1-Chloronaphthalene
- Names: Preferred IUPAC name 1-Chloronaphthalene

Identifiers
- CAS Number: 90-13-1;
- 3D model (JSmol): Interactive image; Interactive image;
- ChEMBL: ChEMBL195338;
- ChemSpider: 6737;
- ECHA InfoCard: 100.001.789
- PubChem CID: 7003;
- UNII: K4OIF2EC56;
- CompTox Dashboard (EPA): DTXSID2024791 ;

Properties
- Chemical formula: C_{10}H_{7}Cl
- Molar mass: 162.62 g·mol^{−1}
- Melting point: −20 °C (−4 °F; 253 K)
- Boiling point: 263 °C (505 °F; 536 K)
- Hazards: GHS labelling:
- Pictograms: GHS07: Exclamation mark GHS09: Environmental hazard
- Signal word: Warning
- Hazard statements: H302, H410
- Precautionary statements: P273
- Flash point: 121 °C (250 °F; 394 K)
- Safety data sheet (SDS): Oxford MSDS

= 1-Chloronaphthalene =

1-Chloronaphthalene is an aromatic compound. It is a colorless, oily liquid which may be used to determine the refractive index of crystals by immersion. The compound is an isomer to 2-chloronaphthalene.

==Synthesis==
1-Chloronaphthalene is obtained directly by chlorination of naphthalene, with the formation of more highly substituted derivatives such as dichloro- and trichloronaphthalenes in addition to the two monochlorinated isomeric compounds: 1-chloronaphthalene and 2-chloronaphthalene.

==Applications==
This toxic, nonpolar organochlorine compound is sometimes used as a powerful biocide, and is also known as Basileum.
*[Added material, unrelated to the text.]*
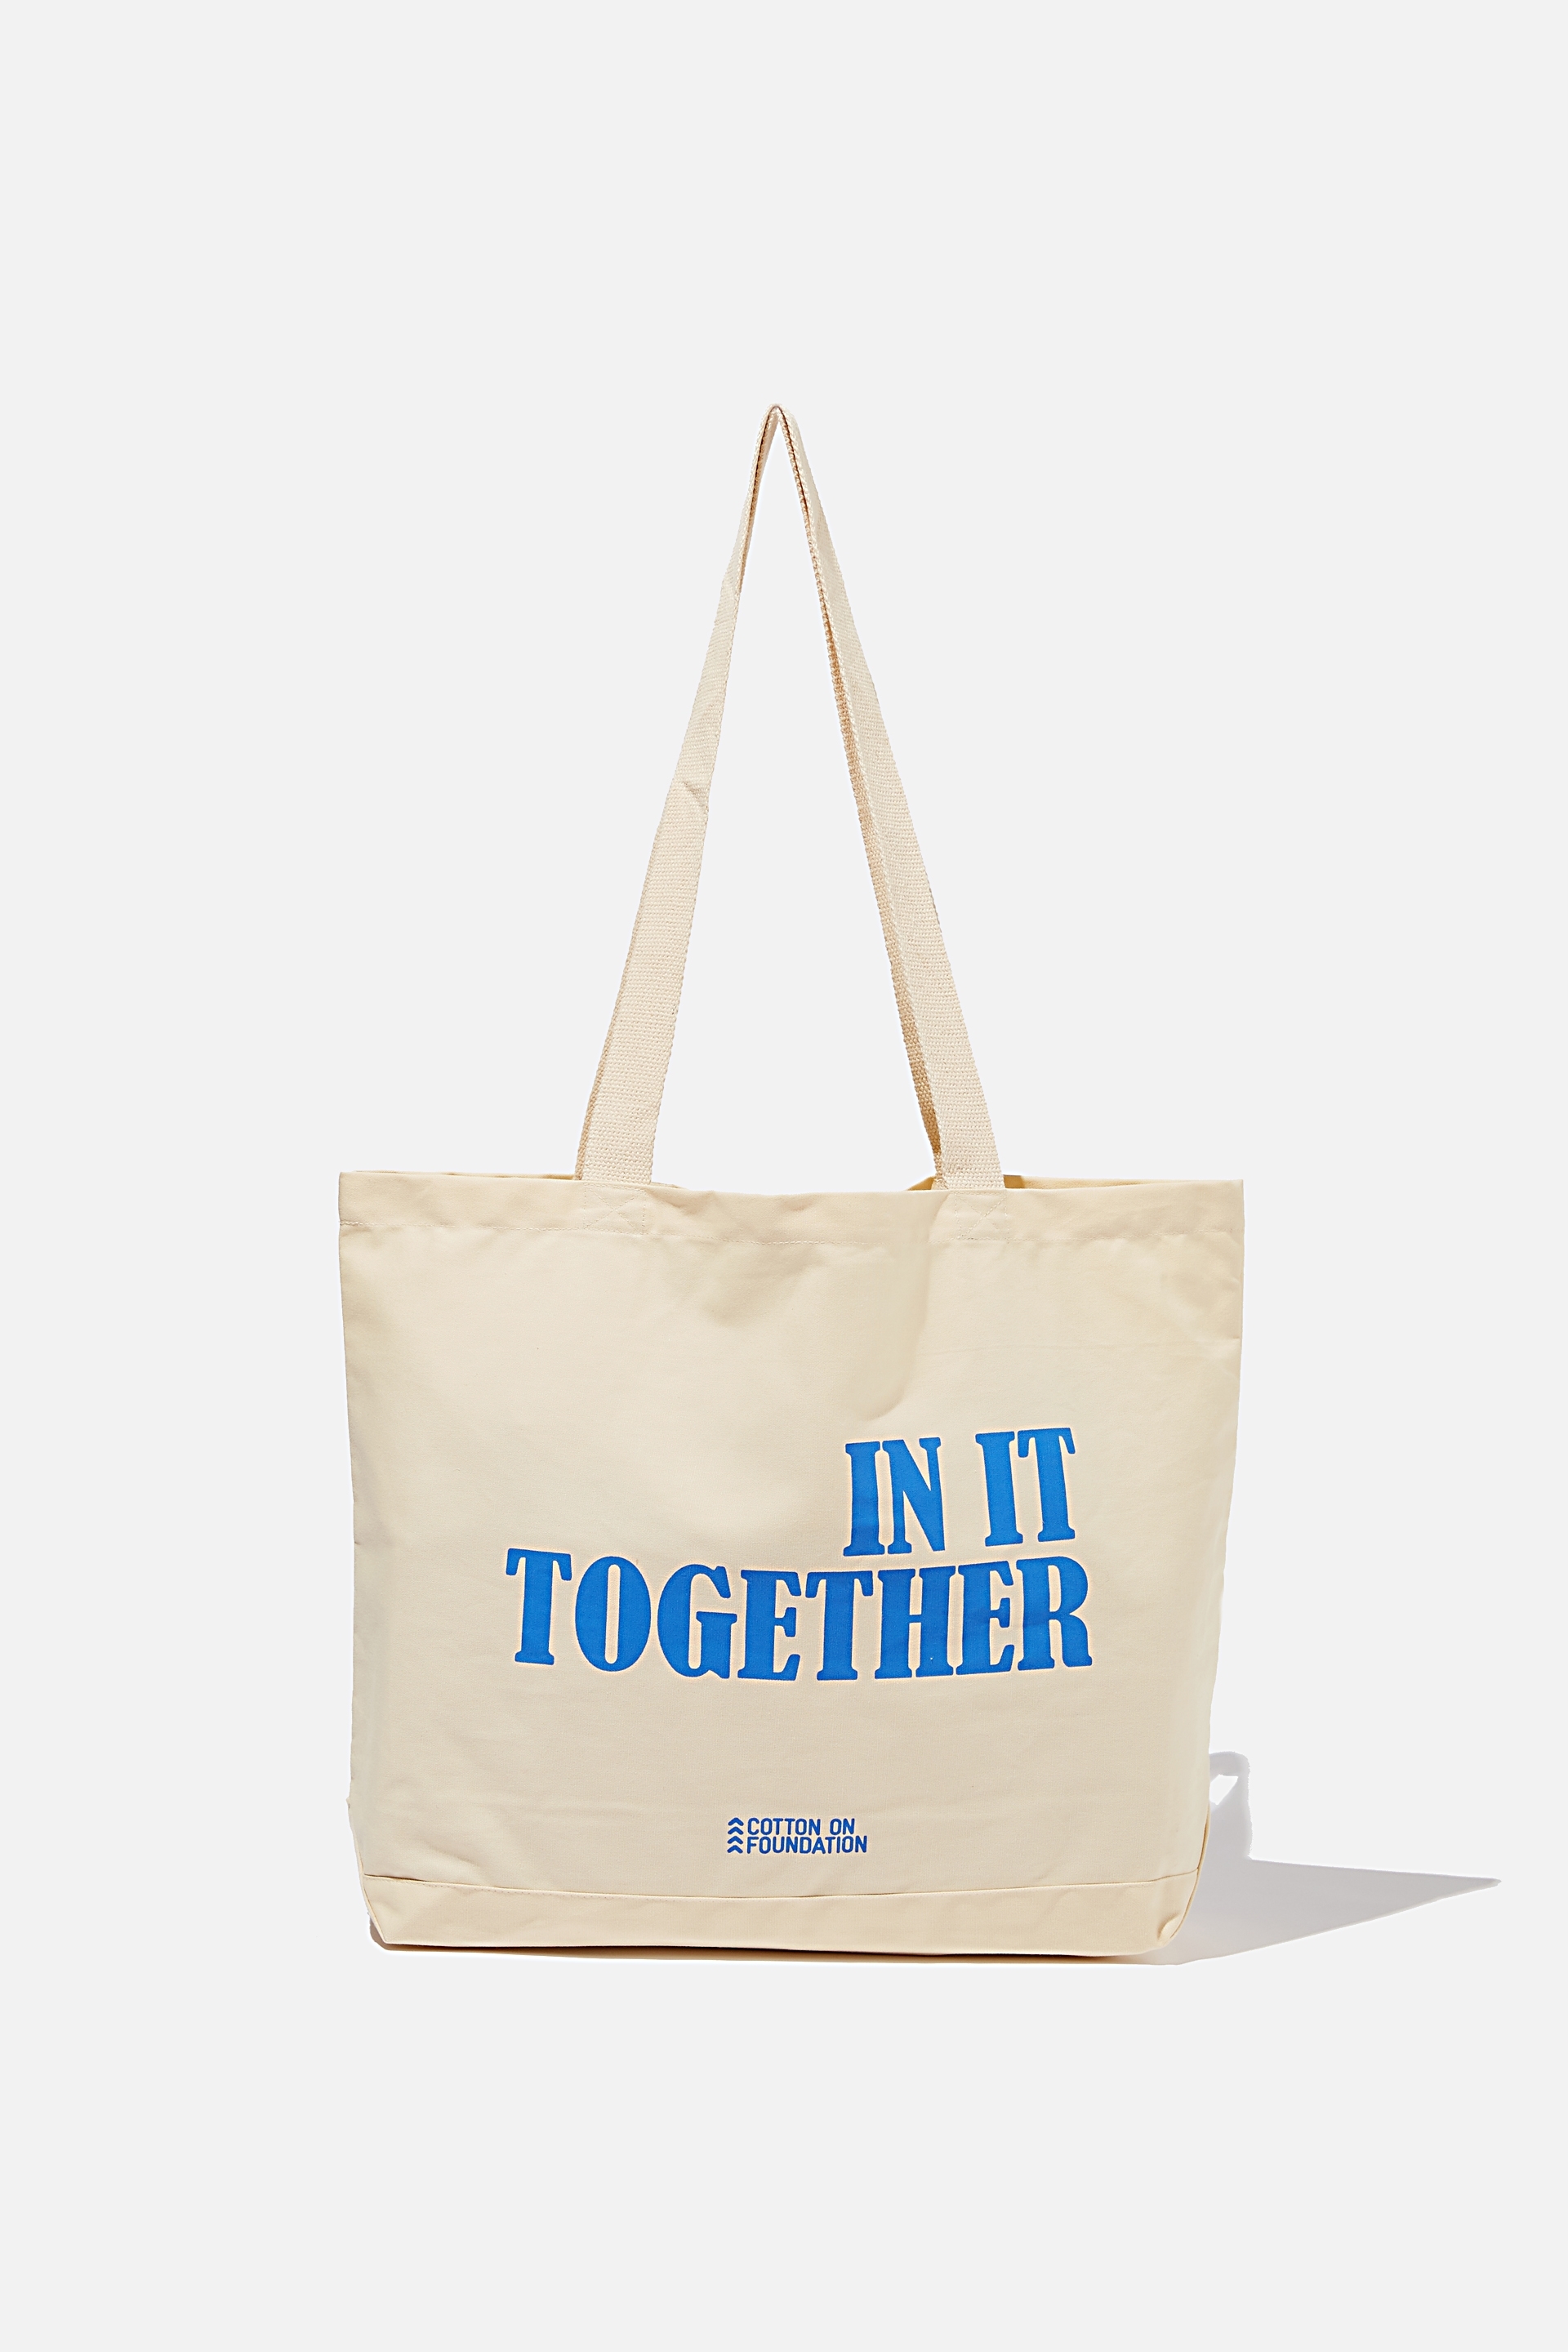 Cotton On Foundation - Foundation Exclusive Tote Bag - In it together/blue text

It occasionally serves as insecticide and fungicide in the timber floors of shipping containers, where it fulfills the same role as chlordane.

1-Chloronaphthalene was also used as a common solvent for oils, fats and DDT until the 1970s. It is also used to determine the refractive index of crystals.